# Chapter 1 — Classifying Linearly Separable Data with Neural Nets
## Introduction
Your journey to understand Neural Networks starts with a humble example of building a binary classifier for linearly separable data. 'Linearly seperable data'  means that a line can shatter (or classify) the data into two classes. For two-dimensional data, the decision boundary is a line, and for three or more dimensions in the data, the decision boundary would be a plane and a milti-dimensional daat the decision boundary would be a plane.

## The Dataset
We’ll use the example below to illustrate the workings at the Neural Network. Imagine you are running a computing infrastructure where you have just two tiers of pricing, VIP and Regular. You want to classify each user into one of the two tiers (or classes) based on the two resources they consume. Let's call these resources x1 and x2 (for instance, the resources could be the number of CPU cores and the network bandwidth). Also, you are just starting out providing such a service and you have a only handful of users (i.e., a small number of data samples). Your task is to draw the decision boundary between the two classes of users. The decision boundary is a straight line and you are granted the assumption that the data is linearly separable.

![startup pic](plots/first-diag.png)




A common practice is to center the data around the origin (0, 0) by taking the mean and subtracting each data point from the mean.

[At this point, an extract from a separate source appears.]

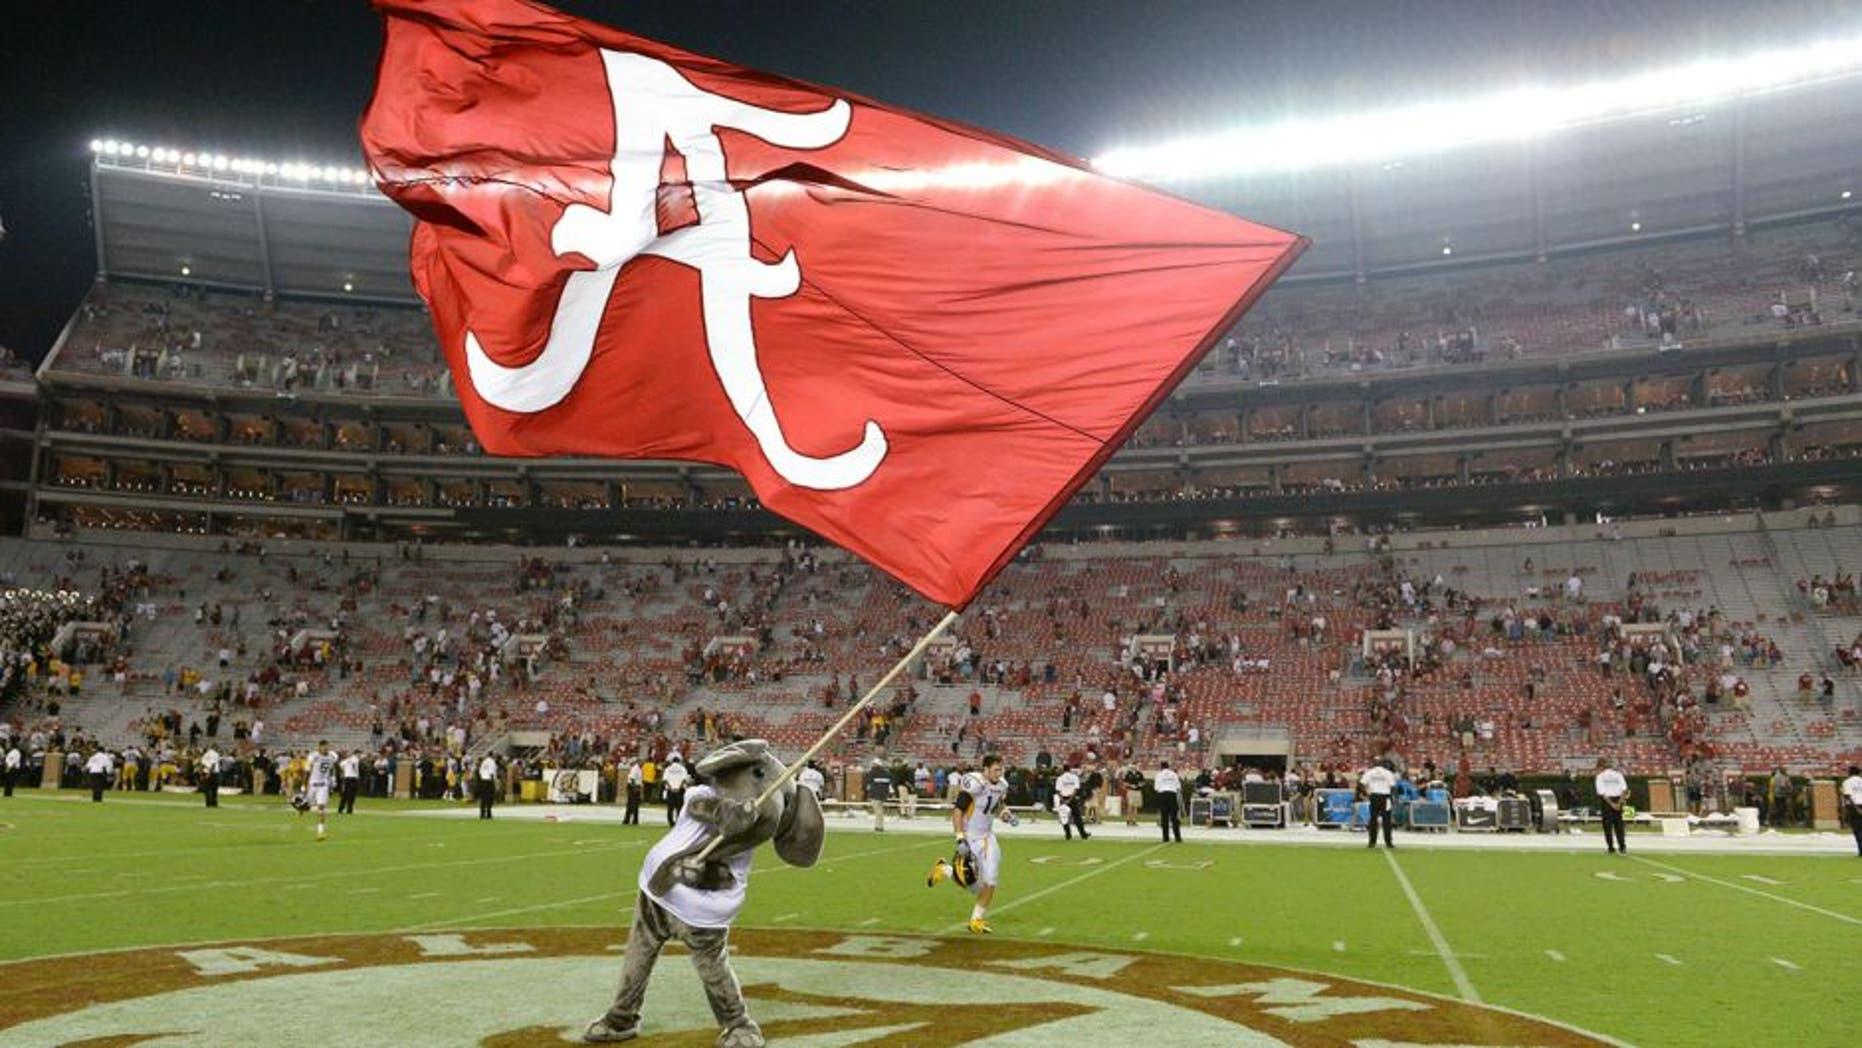 Sep 13, 2014; Tuscaloosa, AL, USA; Alabama Crimson Tide mascot Big Al waves the Alabama flag following their 52-12 victory against the Southern Miss Golden Eagles at Bryant-Denny Stadium. Mandatory Credit: John David Mercer-USA TODAY Sports
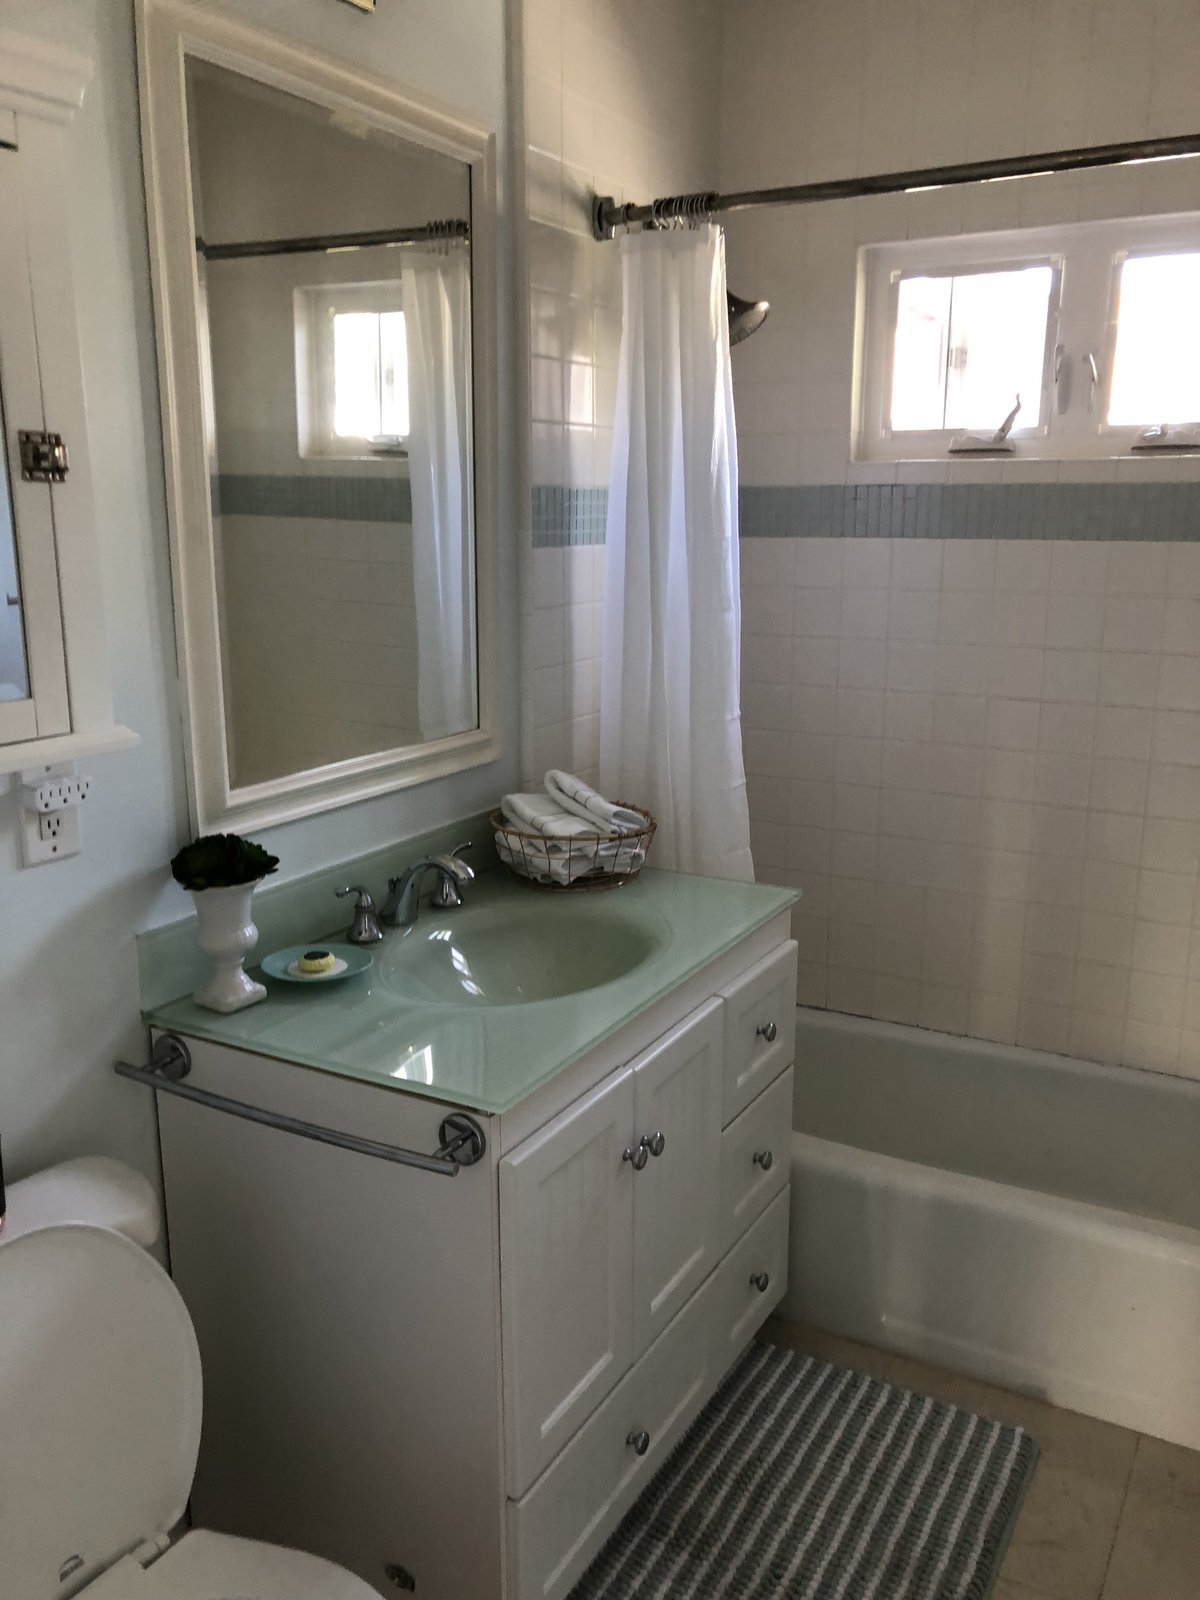 Before: Coeur D'Alene Residence bathroom

![](plots/centered-data.png)

The decision boundary could be anywhere in the shaded area.
All the data points in the graph above is shown below (in the form of a Python list). Each element consists of the two resources (x1, x2) and the class the user belongs to (0 or 1).
 
## The Neural Network

In [4]:
"""
Binary Classifier with Linear layer and Back Propagation of Errors
"""
import torch
import torch.nn as nn
from torch.nn import Linear
import torch.optim as optimizer
from utils import display_loss, display_points, plot_points_line_slope_intercept

print(f'Torch version: {torch.__version__}')


Torch version: 1.7.1


Since the data is linearly separable, you must estimate the parameters, w1, w2 and b that represent the line:

w1* x1 + w2 * x2 + b 

or 

WX + b.  

X is the input vector of size two consisting of the scalars x1, and x2. 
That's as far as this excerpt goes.